Я тоже хороша. Вместо того, чтобы следовать плану побега, инструктирую аббатису средневекового монастыря о технике прослушивания Псалмов с помощью плеера.
Воспользовавшись паузой, я несмело подобралась к столу и потихоньку потянула к себе нарушителя спокойствия.
– Ну, так я пойду? Приятно было познакомиться. Прошу прощения за причиненные хлопоты…
Заговаривая таким образом растерявшуюся настоятельницу, я, пятясь, мелкими шажками подступала к выходу. Но ретироваться не удалось. Меня остановил ее не терпящий возражений голос:
– Ты останешься в монастыре. Пока послушницей, а там… видно будет.
– Что? Какой послушницей? – мне однозначно не понравилась перспектива, – о чем вы?
– Не противься, дочь моя, это Господь привел тебя сюда, – и, помолчав, вбила последний гвоздь, – и здесь ты найдешь путь к вере.
Я попыталась ей возразить, что в данной ситуации никакой другой путь, кроме как отсюда, мне был не интересен, но на меня вдруг навалилась такая усталость и безразличие, что, ткнувшись в дверной косяк, я молча выслушала ее приговор.
Да, в конце концов, куда мне идти? В этом мире я была чужая.
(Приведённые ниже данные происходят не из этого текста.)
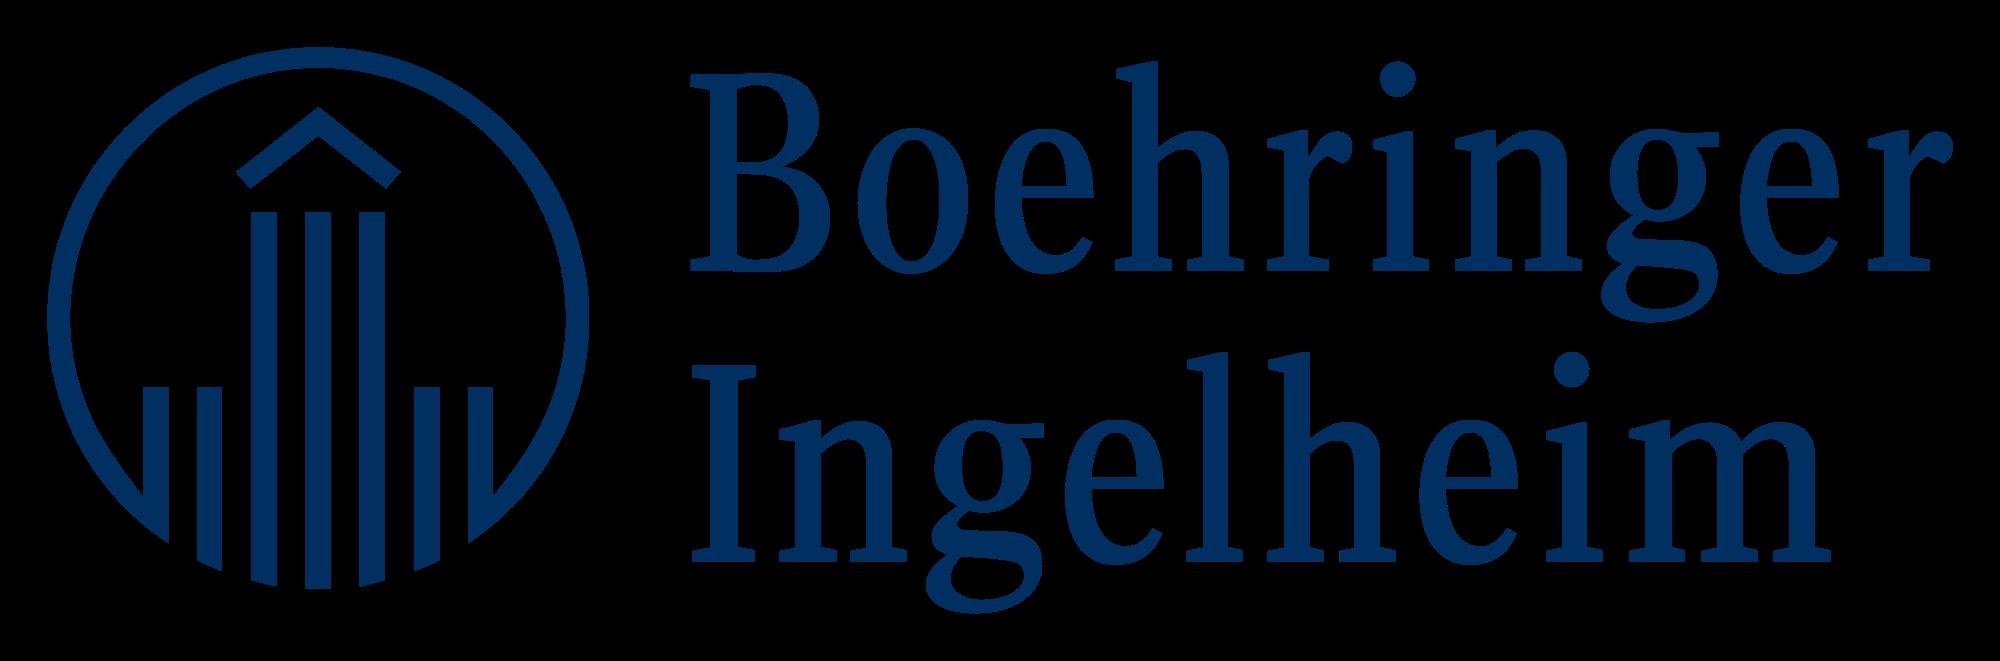 Boehringer-Ingelgheim

А здесь, в монастыре, по крайней мере, будет крыша над головой.
Мне ничего не оставалось, как согласиться с ней.
Я с тоской смотрела в будущее…, а напрасно.
Часть вторая
Пробуждение
Глава 1
– Я принесла вам обед, сестра Лаура… Боже, как красиво!
Восторженный вскрик Маргариты потревожил благостную тишину монастырской часовни. Я поморщилась – не люблю, когда мне мешают работать.
Обмотав кисть влажной тряпкой, вложила ее в выдолбленное гнездышко внутри деревянного сундучка со множеством ячеек, оборудованного для моих „профессиональных“ нужд.
Потянулась, разминая затекшие мышцы и постанывающую от длительного напряжения спину. Часа три, не меньше – мои часики по причине заглохнувшей батарейки давно уже успокоились в ежесекундном напоминании о продолжении моей биографии в качестве монахини-художницы – я провела за работой, расписывая основание ретабло Девы Марии.
Маргарита, преисполненная трепета, с увлажнившимися от переизбытка впечатлений глазами умиленно осматривала почти завершенный алтарный образ.
– Они словно живые, – прошептала она, замерев в благолепном созерцании.
– Ну, что у нас сегодня за деликатесы? – я, действительно, проголодалась. Завтрак в монастыре подают настолько рано, что часам примерно к десяти желудок требовательно настаивает на добавке.
Инфанта-монахиня, не отрываясь от лик святых, скороговоркой перечислила:
– Гаспачо, сыр и рыба.
– Вы не присоединитесь к трапезе? – я приподняла крышку кастрюльки.
– Нет, я не голодна, – Маргарита, наконец, соизволила обратить на меня внимание, – сестра Лаура, аббатиса просила вас зайти к ней.
– Что-то случилось? – я зачерпнула холодный суп.
– Не знаю. Она сегодня принимала гостей. Хм, посыльного от моей тетушки. И была очень взволнована. Я не нужна вам больше? Не хочу опоздать к рекреации.
– Конечно, идите. Спасибо, что позаботились обо мне. Я скоро буду.
Маргарита мне нравилась. Милая девочка. Ни намека на королевскую спесь. Несмотря на молодость, она усердно готовила себя ко вступлению в должность настоятельницы нашего монастыря. В том, что именно она станет преемницей Френсис, никто уже не сомневался. Видимо, это и обговаривали с момента появления инфанты Марии с дочерью в монастырских стенах.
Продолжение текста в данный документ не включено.